Хороша и самокритика со стороны разоблачительницы “лютых патриотов”: своего “либерального” коллегу А. Агеева, объявившего о смерти толстожурнальной критики, Н. Иванова критикует за насмешки над запоздалыми, длинными рецензиями на книги, о которых он и без них, “толстожурнальных”, все уже знает из рецензий “коротких”. Она резонно возражает: “Почему же “запоздалые”? Разве потребление книги — это такой же торопливый процесс, как поглощение гамбургера?” (Потому-то, кстати, мы и обратились к ее книге, содержащей статьи нескольколетней давности.)
Правда, в этой книге Н. Ивановой “длинных рецензий” не найдешь — несколько слов, эпитетов, вроде “надувная проза А. Проханова”, — и дальше. В этом смысле Н. Иванова критик не просто литературный, а металитературный. Учитывая все медийные соблазны, особенно интернето-блоговские, прямо-таки вытаскивающие из “резерваций” замшелой толстожурнальной критики. Да и не нужна она, если наличествует такое богатство имен, тенденций, явлений, их комбинаций, стычек, сшибок. Попробуй обозреть все это, задержать в уме про запас, организовать в текст на грани лит. критики и обостряющего журнализма.
Тем более что полноценная лит. критика в эпоху полу-, недо-, около- невозможна. Вот и приходится автору книги освещать вместо текстов литературы “литературную жизнь” во всем ее столичном блеске. Как выясняется, зачастую фальшивом. Ибо Н. Иванова вынуждена признать: “Отношения в литературном мире коррумпированы”, особенно вокруг премиальных дел. И лит. критика здесь в числе первых: к “рекомендациям критиков и лит. журналов” надо относиться “с большой осторожностью — повторяю, коррупция давно проникла и в наши ряды”.
И это вдобавок ко всему прочему, содержащемуся в этом столь осведомленном о лит. делах “Русском кресте”. Всю эту ее пестроту и дробность (второй раздел рассыпается на добрых шесть десятков 2-3-страничных текстиков, явно газетно-интернетовских) следует, видимо, понимать так: эклектика, близкая к хаосу, на передовых (столичных) линиях фронтов отечественной литературы столь велика, что говорить о ней что-либо серьезное, концептуальное не имеет смысла. А отдельные попытки не приводят к внятным выводам.

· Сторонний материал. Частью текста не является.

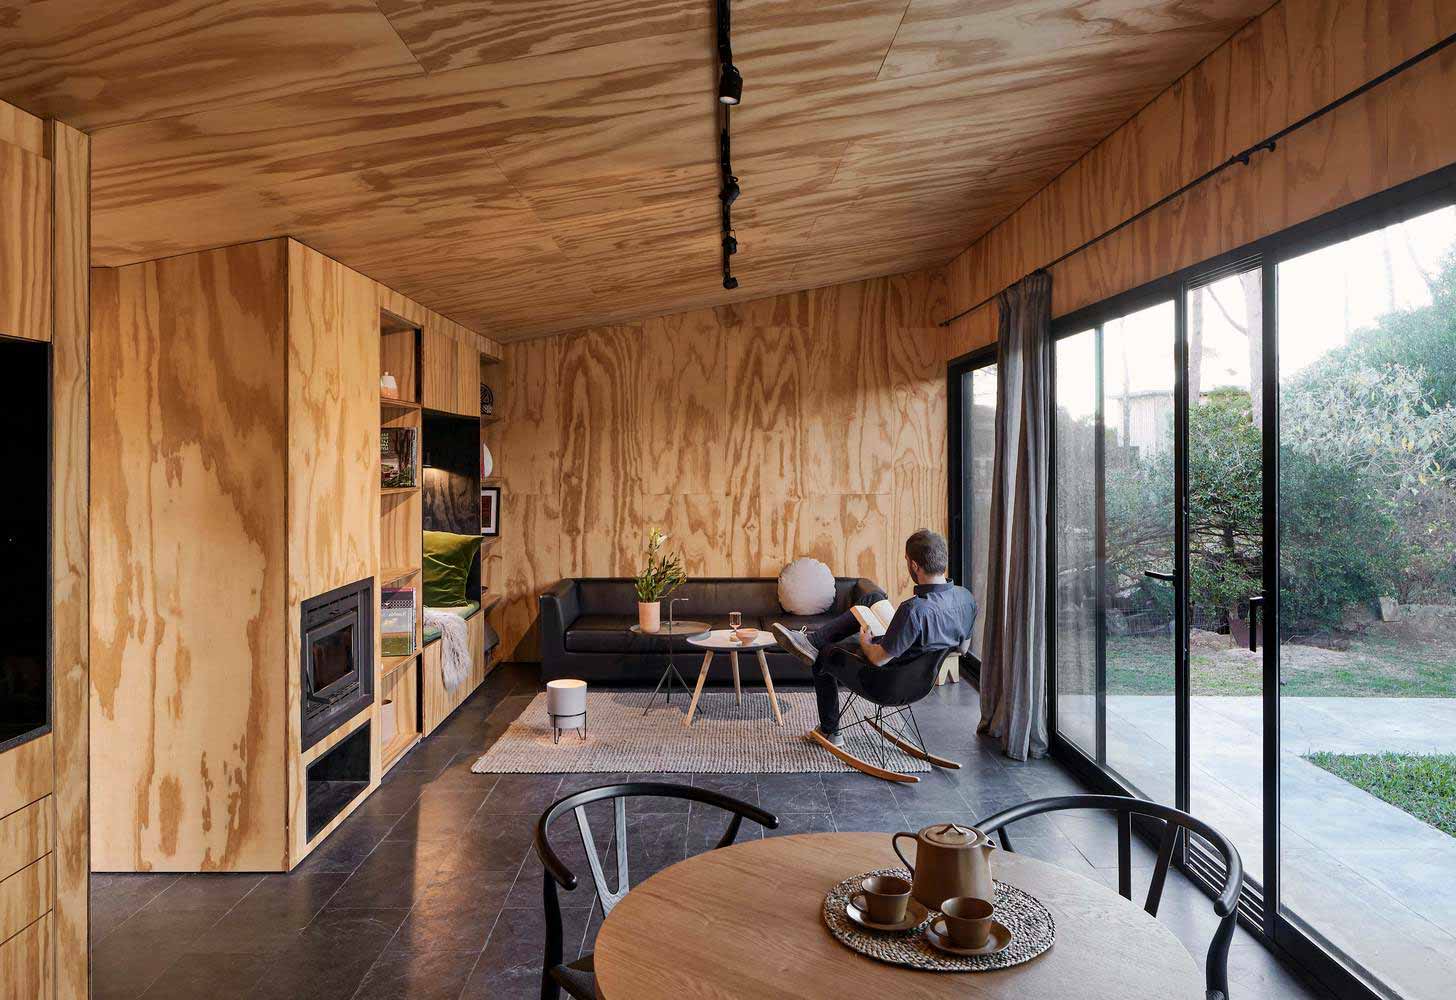 Identidade visual do interior de madeira compensada com a natureza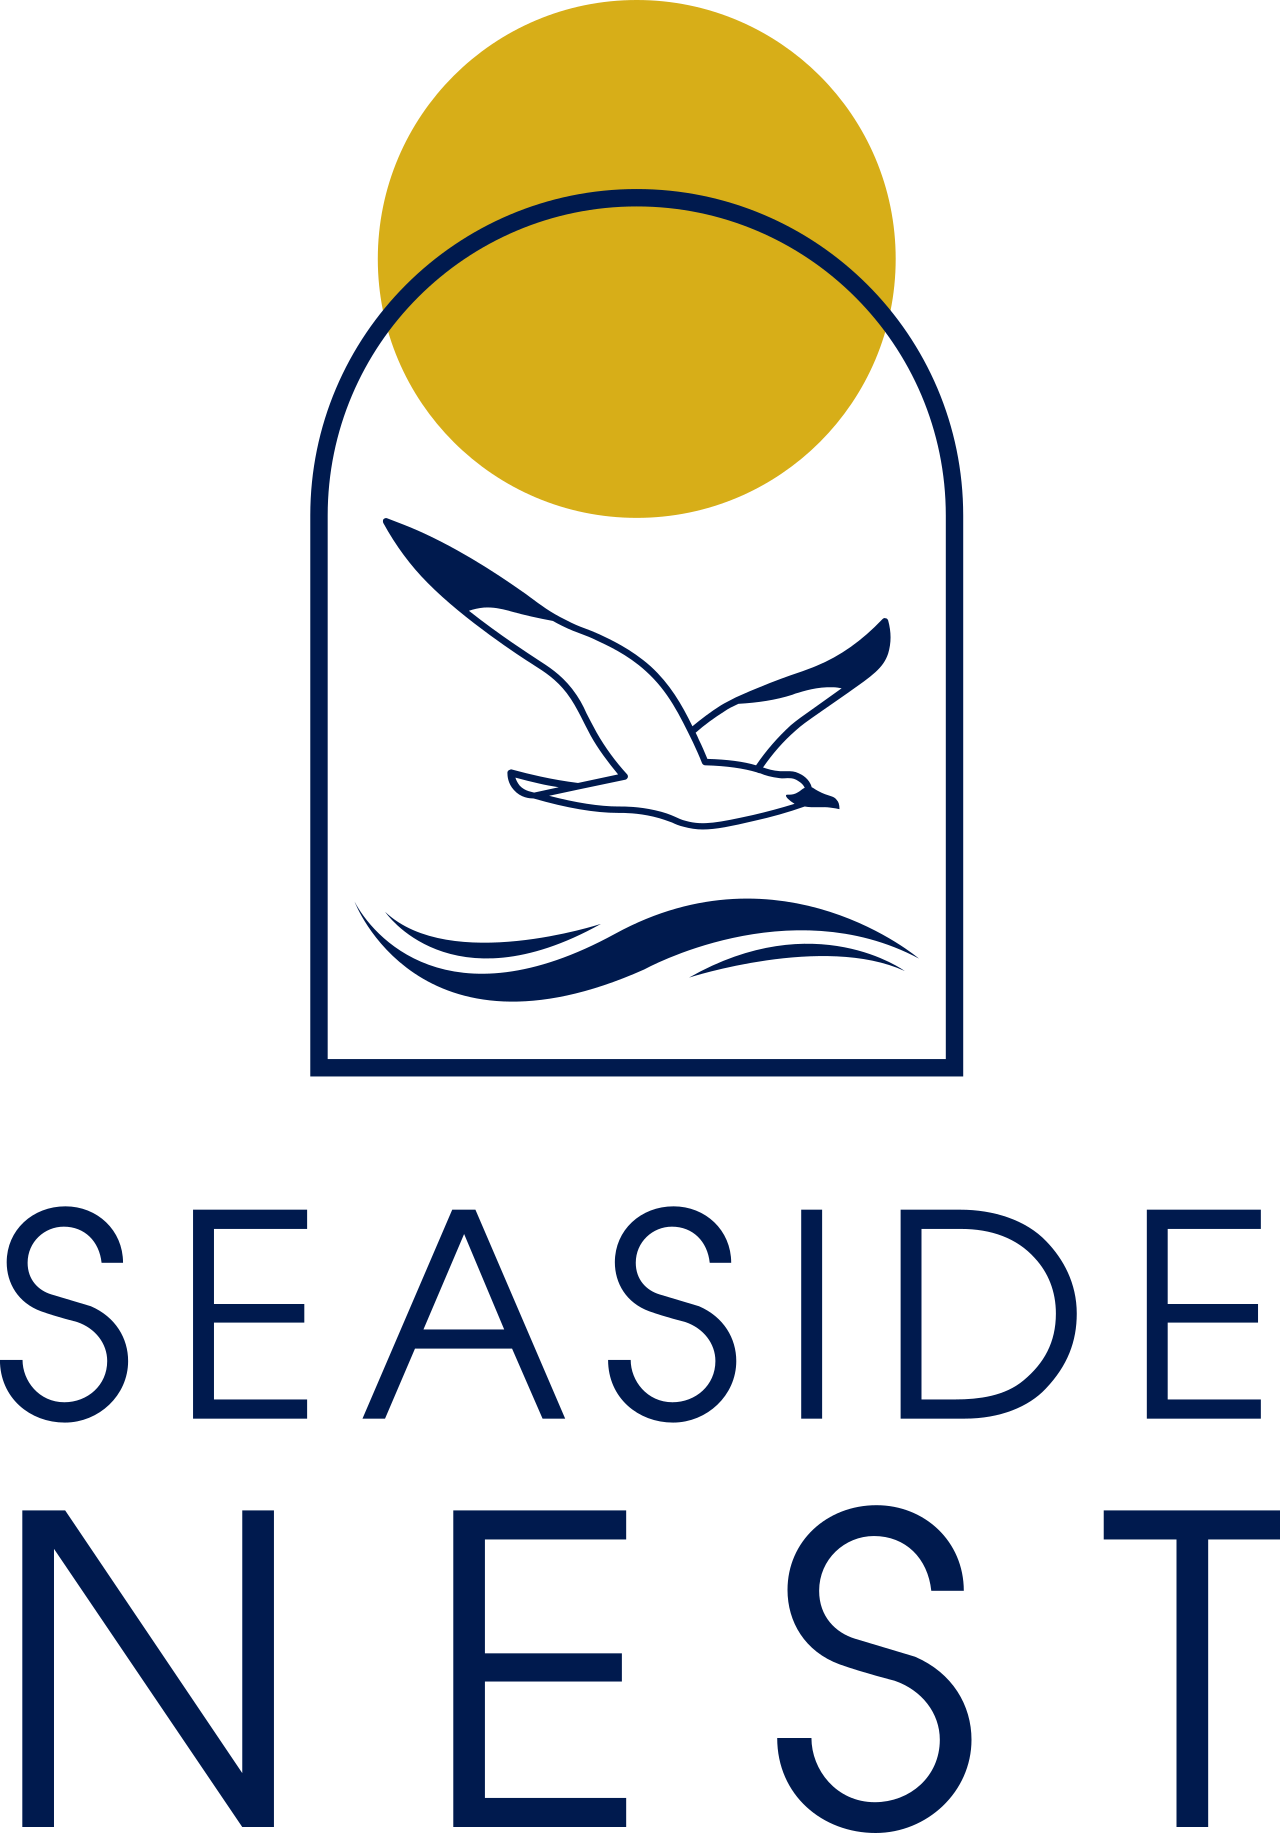 Seaside Nest Gilchrist's logo

Как и попытка Н. Ивановой разобраться, “в чем современность современной литературы?” (название статьи), заведомо неосуществимая, схоластическая. Ибо литература, подлинная, всегда о вечном. Потому и современниками навсегда останутся Шекспир, Гете, Байрон, Пушкин, Гоголь, Достоевский, Толстой и т. д. В вопросе Н. Ивановой кроется другой вопрос-требование: “Почему литература недостаточно современна? Так не годится!”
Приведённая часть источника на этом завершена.